Nowadays there are about 900 permanent inhabitants on the islands, and 350 people work there all year round. There is a minimum-security penal labor colony (Finnish: työsiirtola) in Suomenlinna, whose inmates work on the maintenance and reconstruction of the fortifications. Suomenlinna has been known as an avant-garde enclave of culture, the influence of which has affected cultural life throughout Finland. Many buildings have been converted into artists' studios, which are let by the administration at reasonable rates, and there is an art school for children. The performances of the Suomenlinna summer theatre regularly draw full houses.
Finland is a country of lush forests and vast woodlands.
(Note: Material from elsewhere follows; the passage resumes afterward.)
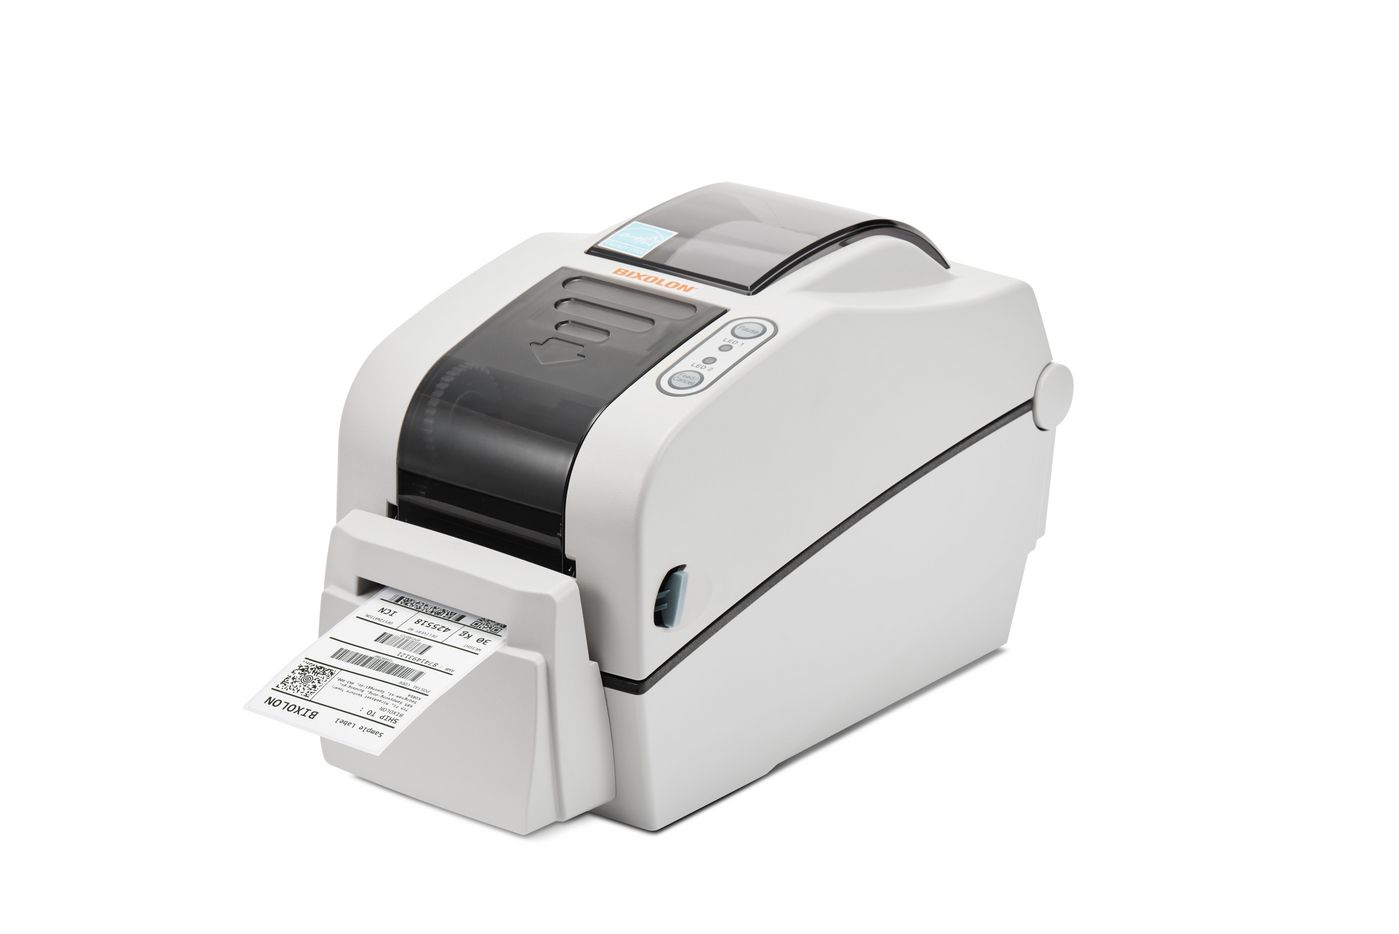 Slp-tx220ce -  Label Printer - Direct Thermal - USB / Parallel
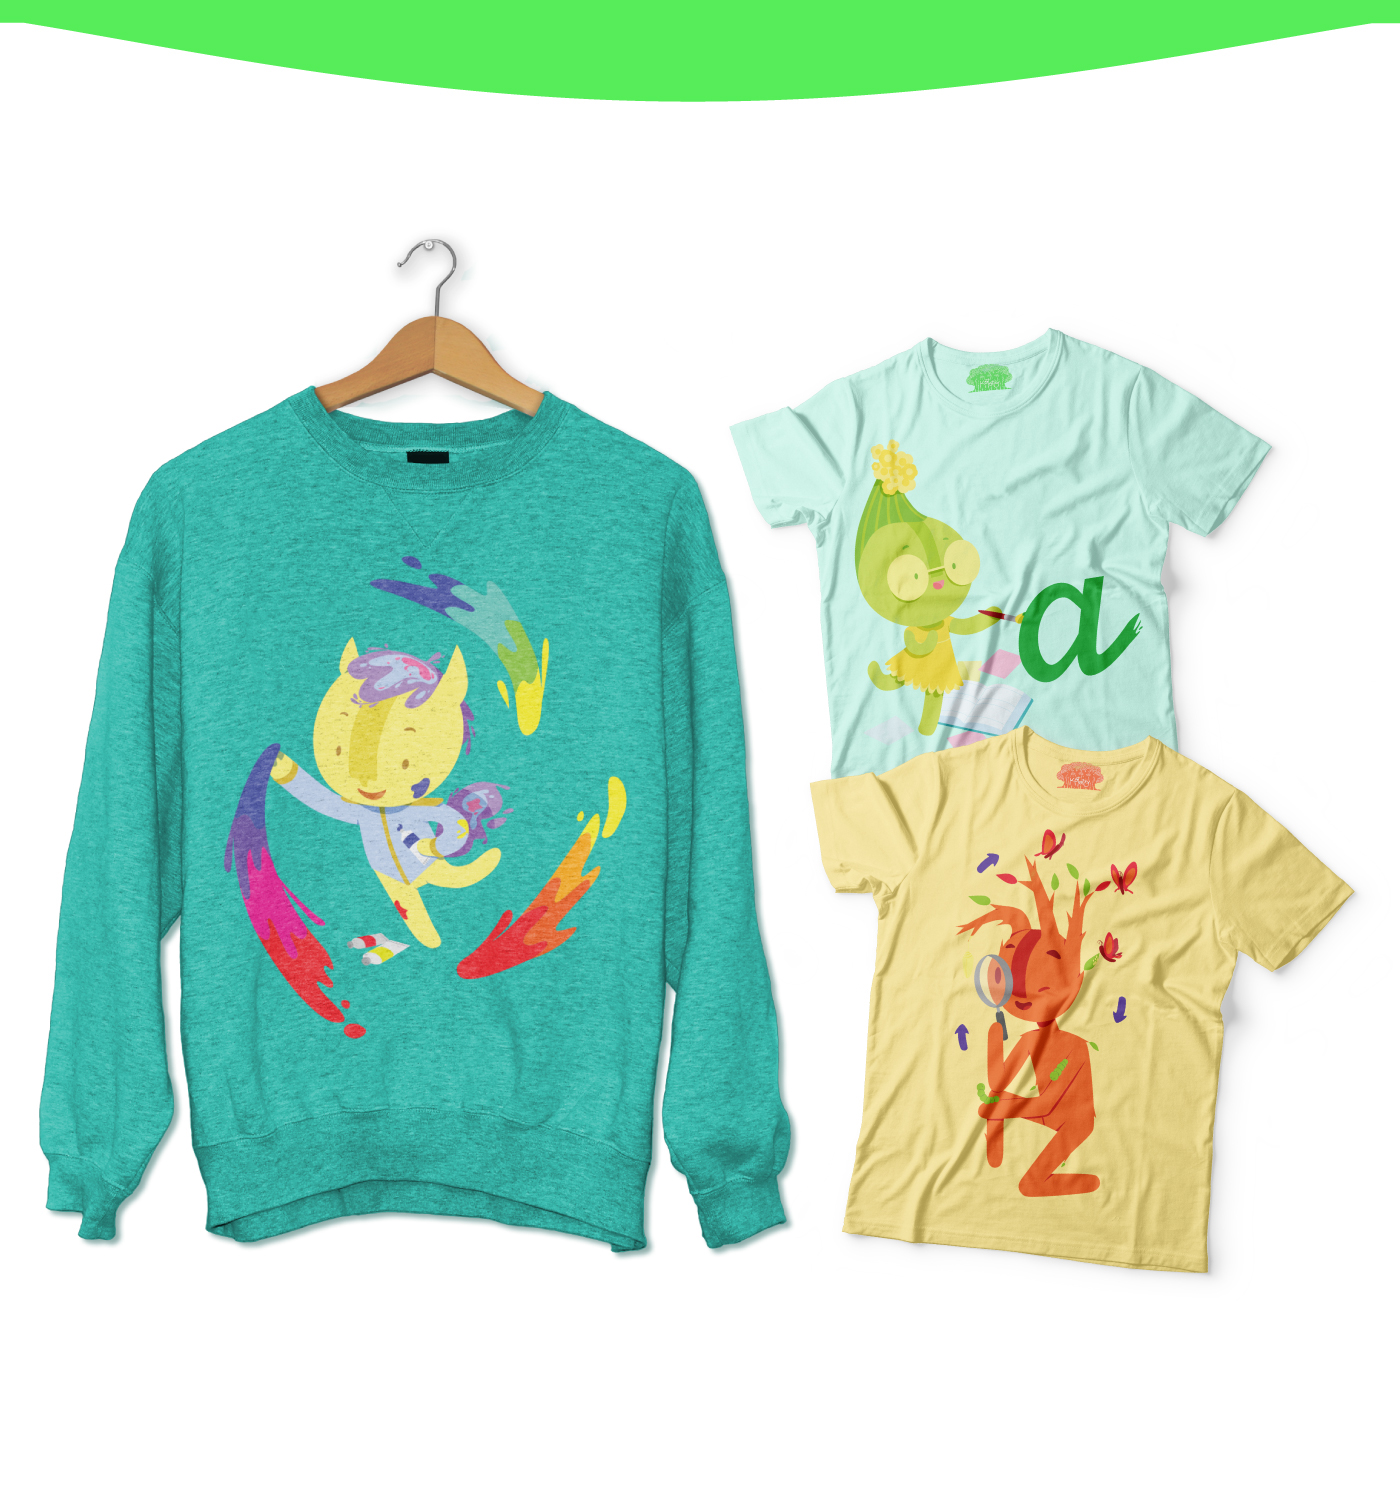 mundo kototo kids children brand characters colors products tshirts Startup Web UI

Finland 's 800-mile border with Russia gives it a unique position as a gateway to the east. (Indeed, the Finnish rail gauge is the same as Russia 's) The country's excellent infrastructure and transportation system, its geographical location, and its understanding of how to do business in Russia and the Baltic states mean that many foreign companies, including those based in the U.S., use Finland as a base for opening transportation and marketing activities to the former Soviet Union. Finland is also a country of thousands of lakes and islands; 187,888 lakes (larger than 500 m²) and 179,584 islands to be precise. One of these lakes, Saimaa, is the fifth largest in Europe.
The Finnish landscape is mostly flat with few hills. Its highest point, the Halti at 1,324 meters, is found in the extreme north of Lapland at the border between Finland and Norway . Finland is very green, with approximately seventy-five percent of its land area covered by coniferous taiga forests, with little arable land. Moraine or till is the most common type of soil, covered by a thin layer of humus of biological origin. The most common type of rock is granite, which is visible everywhere there is no soil cover. Most of Finland's islands are southwest of the mainland, in the Archipelago Sea, which includes the autonomous, largely Swedish-speaking Åland Islands, and along the southern coast in the Gulf of Finland.
Finland is one of the few countries in the world whose surface area is still growing. Due to the post-glacial rebound which has been taking place since the last ice age, Finland's surface area increases by approximately 7 square kilometers (2.7 square miles) each year. The distance from the most Southern point of Finland - Hanko - to its most northern point - Nuorgam - is 1,445 kilometers (898 miles) in driving distance, which would take approximately 18.5 hours to drive.